FIG. 3 is a diagram illustrating a normal task operation in which a processor does not perform a low power consumption operation.

FIG. 4 is a diagram for explaining the operation of the conventional system in which the clock supply of the processor is stopped and the system enters the IDLE state in the case of the task waiting time.

FIG. 5 is a diagram for explaining an operation when the operating frequency is set to 通常 of the normal frequency in addition to the conventional method shown in FIG. 4;

FIG. 6 is a diagram illustrating the operation of the processor according to the first embodiment of the present invention.

FIG. 7 is a diagram illustrating the operation of the processor according to the first embodiment of the present invention.

FIG. 8 is a diagram illustrating the operation of the processor according to the first embodiment of the present invention.

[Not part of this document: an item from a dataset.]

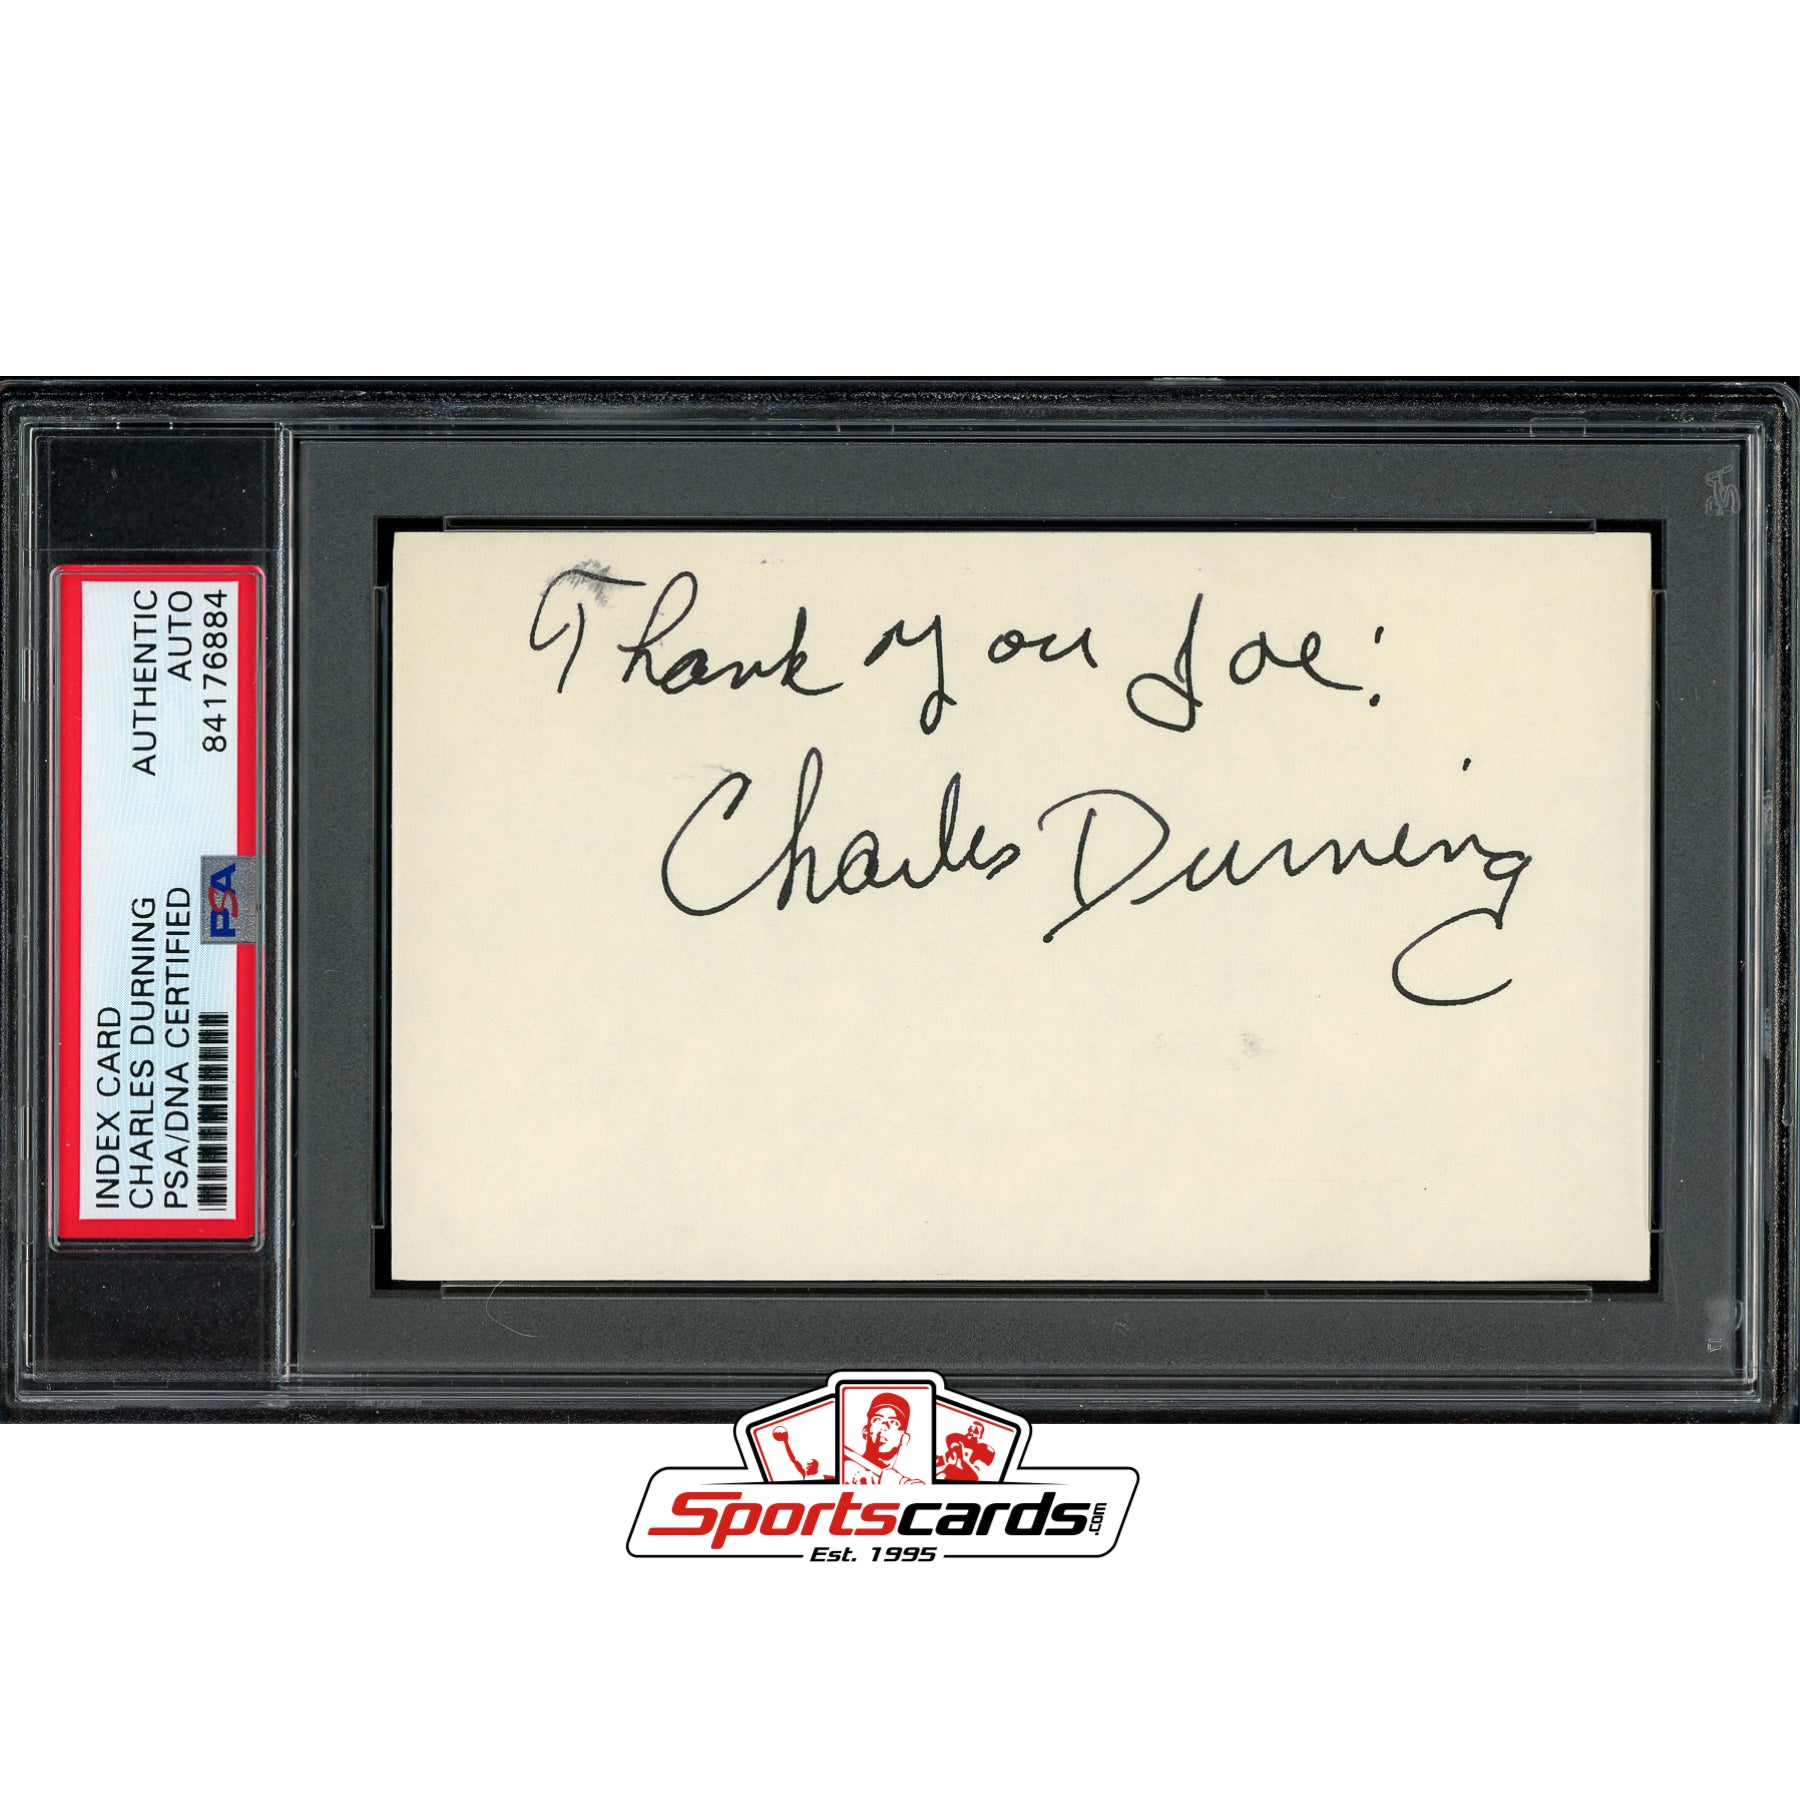 Charles Durning (d.2012) Signed Auto 3x5 Index Card PSA/DNA Actor

FIG. 9 is a diagram illustrating the operation of the processor according to the first embodiment of the present invention.

[Explanation of symbols]

 Reference Signs List 11 Processor 13 Interrupt generator 14 Clock generator 15 AND circuit 21 Execution time timer counter 23 Execution target register 27 Subtractor 28 LP mode counter 31 Power consumption control block circuit

Claims (4)

[Claims] 1. A processor for executing a program, a storage device for setting an execution target value for each program,
A counter for measuring the execution time of the program; and a means for stopping the supply of the clock of the processor until the execution time of the program is less than the execution target value. A low power consumption processor characterized in that execution time and power consumption of each program are controlled by rewriting a storage device for setting an execution target value. 2. A processor for executing a program, a plurality of timer counter devices capable of resetting and counting enable from the processor for measuring the execution time of the program, and a plurality of storage devices for storing a target value of the execution time for each program. An arithmetic unit for comparing an execution target value and an execution time, a weight counter device for storing an operation result,
A control device for controlling clock supply to a processor based on an output signal of the wait counter device,
A low-power processor comprising: 3. A means for resetting the timer counter for measuring the execution time at a desired position of the program according to an instruction of the processor and enabling the counter, and at a desired position of the program according to the instruction of the program. Means for calculating a difference between an execution target time and an execution time by the arithmetic unit, and storing the value in the wait counter device; and, when the value of the wait counter device is 1 or more, the wait counter device is clocked. Means for decrementing in synchronization with
3. The low power consumption processor according to claim 2, further comprising control means for stopping clock supply to the processor in the above case. 4. A processor for executing a program, a plurality of storage devices for storing a target value of the execution time of the program, and a means connected to the target value of the execution time and for pushing the target value of the execution time from the processor. A counter stack device; and means for controlling clock supply to a processor from a status output signal from the counter stack. The counter stack device has a counting function for simultaneously operating counters of each level, and has a lower level. When the counter value reaches the execution target time, the counter has a function of setting the upper level counter to a value indicating that the execution target time has been reached. Output a status signal when the time has expired. Sessa.